Racism has always been a public health problem. Racism kills our patients, our neighbours, our colleagues, our leaders.  

A number of people who see the protests as possible drivers of more covid-19 cases have suggested that it is hypocritical of doctors to support anti-racism protestors now when weeks earlier they denounced large crowds due to the risk of spreading covid-19. 

Framing anti-racism protests against the control of covid-19 is a false dichotomy. Will crowds possibly lead to more covid-19 cases? Yes. But so will unabated racism. 

The data tell part of the story.

Black patients who contract covid-19 are three times more likely to require admission to hospital because of disease severity. Disproportionately, counties in the United States with a large black population account for nearly 60% of deaths from covid-19 in the country, despite representing only 22% of counties. The vast majority of US states have a disproportionate number of covid-19 cases among black patients. Black patients are less likely to be able to obtain covid-19 tests in a number of major US cities. Many black patients have a lower chance of being put on a ventilator where resources are too limited to treat everyone, based on biased algorithms that account for comorbidities and life expectancy. For black patients, even the decision to wear a mask requires them to weigh the risk of being targeted or even killed by law enforcement, versus getting covid-19. 

Racism—the explicit and intentional oppression of people from ethnic minorities, not by accident, but by systematic intention for centuries and unabatedly into the present—is the underlying driver of why black patients are at the center of the American covid-19 epidemic. 

As doctors, this is the time to speak up and step up. This is not about politics. This is not about preserving the status quo, or being afraid to ruffle feathers. This is about life and death. This is about the fact that in our country, a police officer felt like he could put his knee on a black man’s neck for 8 minutes and 46 seconds while being filmed. 

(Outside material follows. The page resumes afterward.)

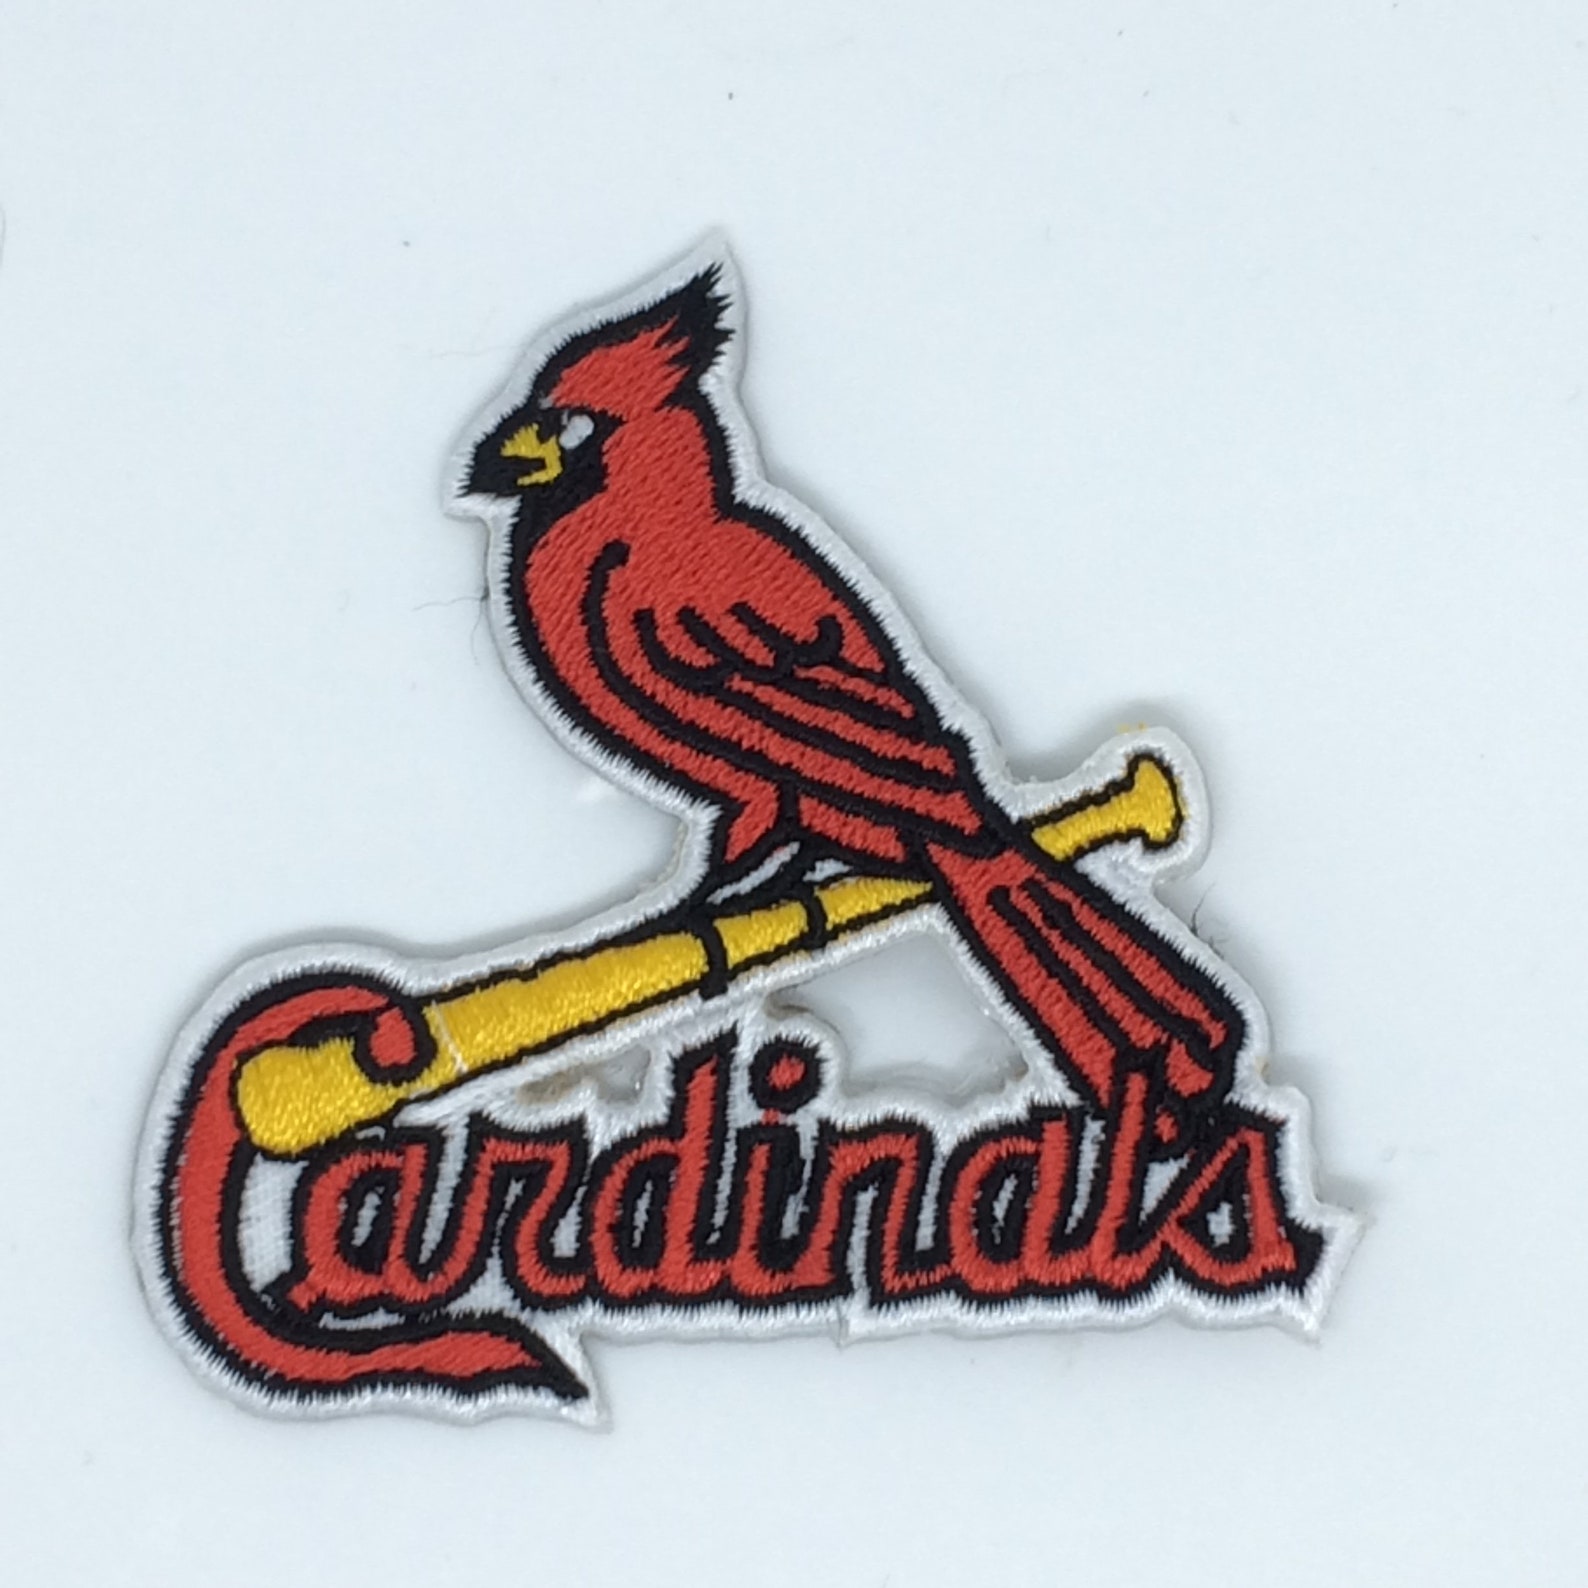 St. Louis Cardinals Baseball Embroidered Iron on Patch | Etsy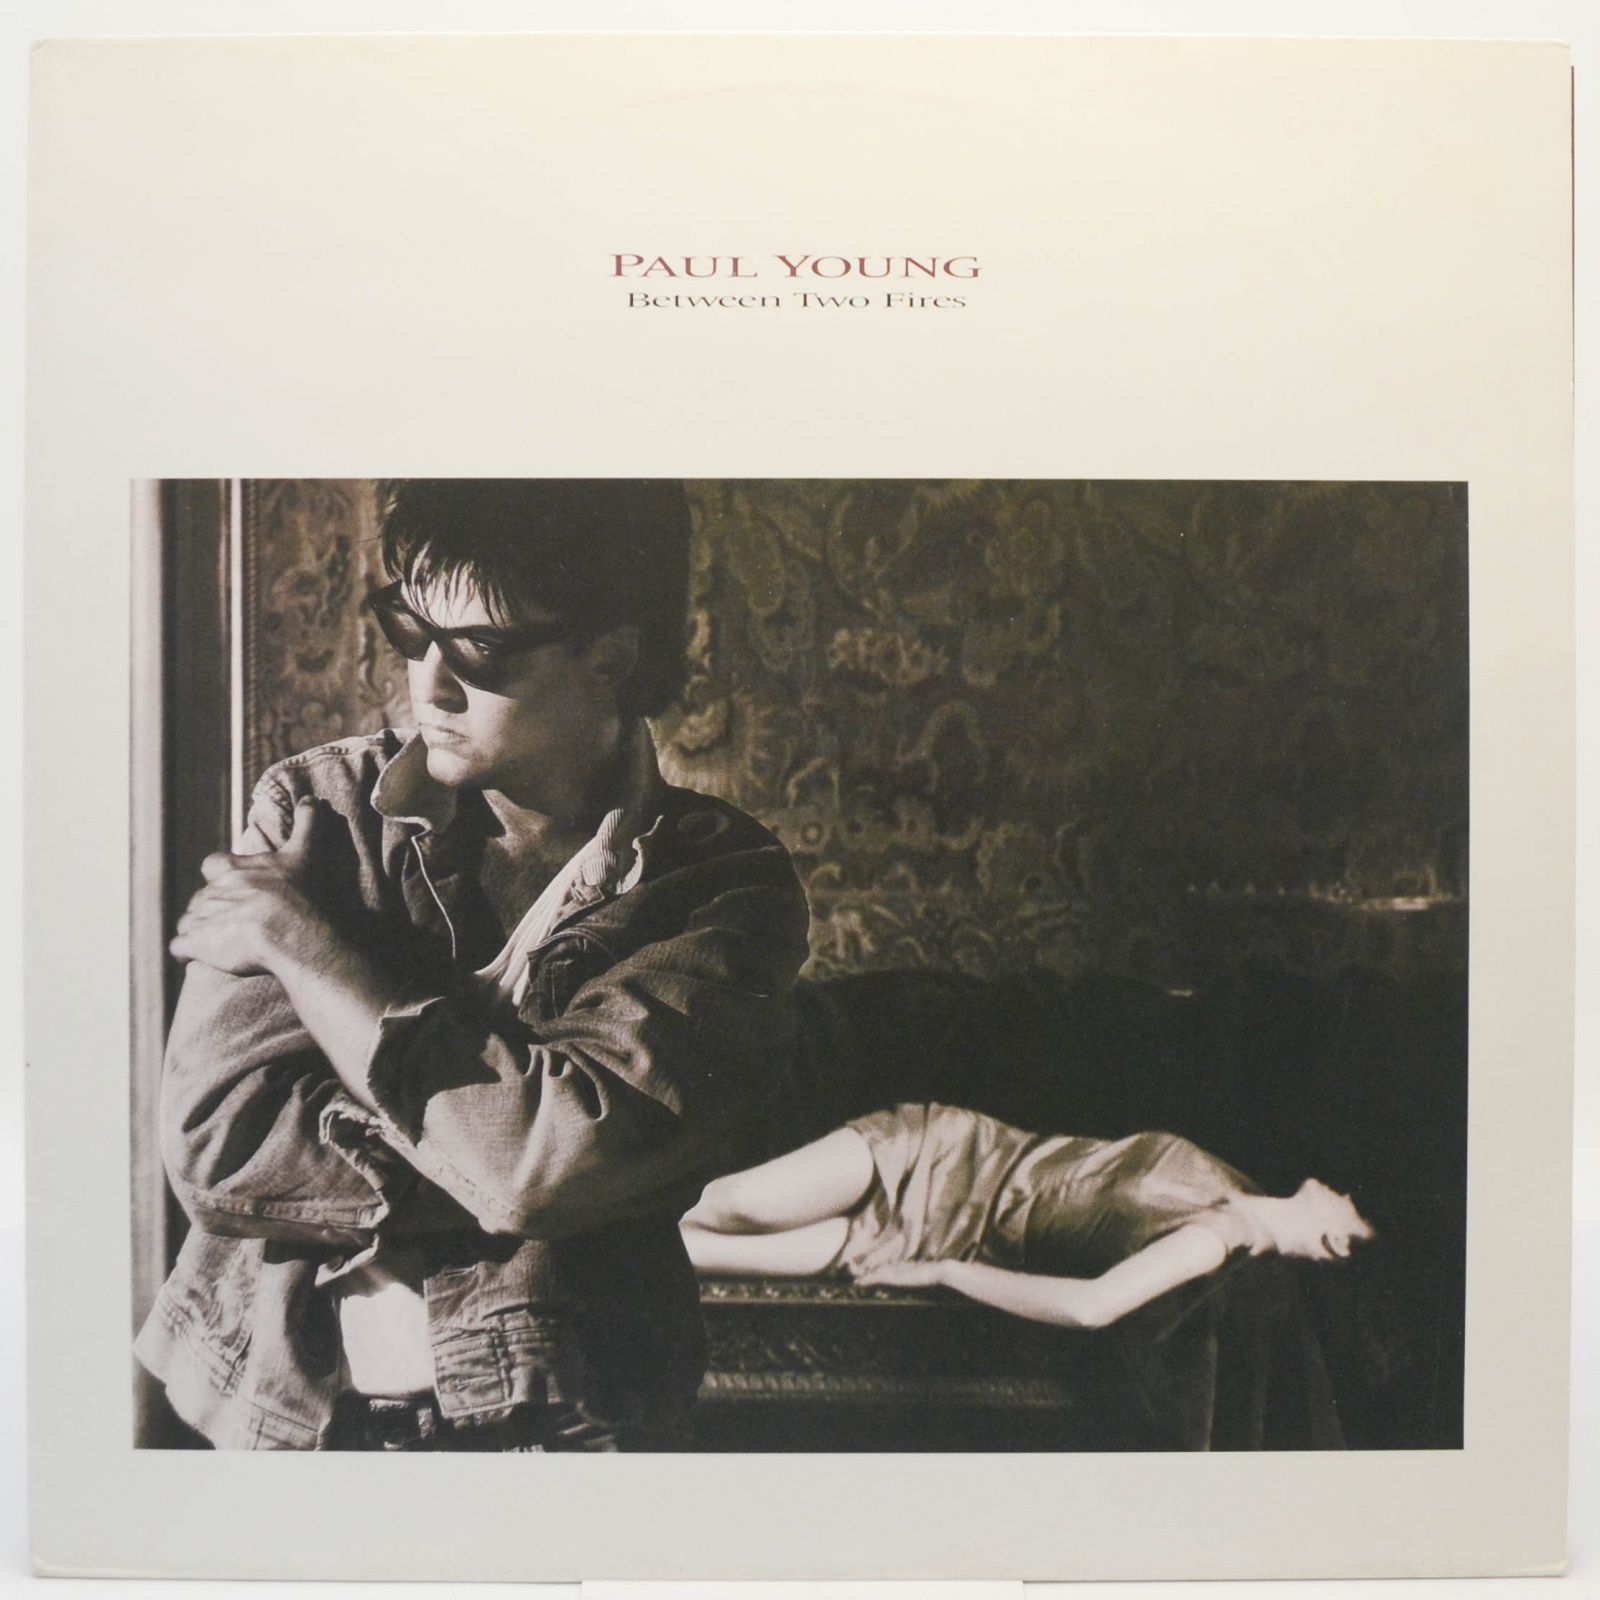 Paul Young — Between Two Fires, 1986

Staying silent now is saying something. It is saying that the death of an innocent black man at the hands of a brutal white police officer is still not enough for you to put your own skin in the game. We are well aware that institutions suffer from racism. We acknowledge that every one of us holds implicit and explicit biases, and that we must take responsibility, and do more to be better, more informed, and more aware as allies to our black community. But doing nothing, and staying silent, is unacceptable. 

Many doctors and public health professionals have gained large platforms from the covid-19 pandemic. It is imperative that they now use those platforms to openly and publicly denounce racism. Racism must be stopped because it is morally deplorable. Additionally, there is no preventing covid-19 without addressing the underlying drivers for its spread, and racism is undoubtedly one of those in the United States. This is clear from the data showing the virus’s tragic effects on black communities. This pandemic depends on the exploitation of our societal vulnerabilities and weaknesses to spread—and stopping it demands that we all stand together against racism. 

We urge all physicians and public health experts to take a firm stance against racism. We urge that we as a community use our understanding of the science and transmission of covid-19 to protect those who choose to protest peacefully against racism by guiding them with the information necessary to minimize viral transmission. We urge our institutions to make every effort to ensure that our fight against racism within our own walls is transparent; that racist actions and words are seen, heard, and dismantled; that racist people are held to account; that efforts against racism are actively studied and taught as part of our life-long learning in medicine; that power structures that are based on racist ideologies are taken down and replaced; that people from ethnic minorities are treated with the utmost respect, equity, and justice—including in their promotions to positions of leadership; and that patients from ethnic minorities are no longer killed by racism that has haunted medicine since its inception as a field. There is so much work to be done. 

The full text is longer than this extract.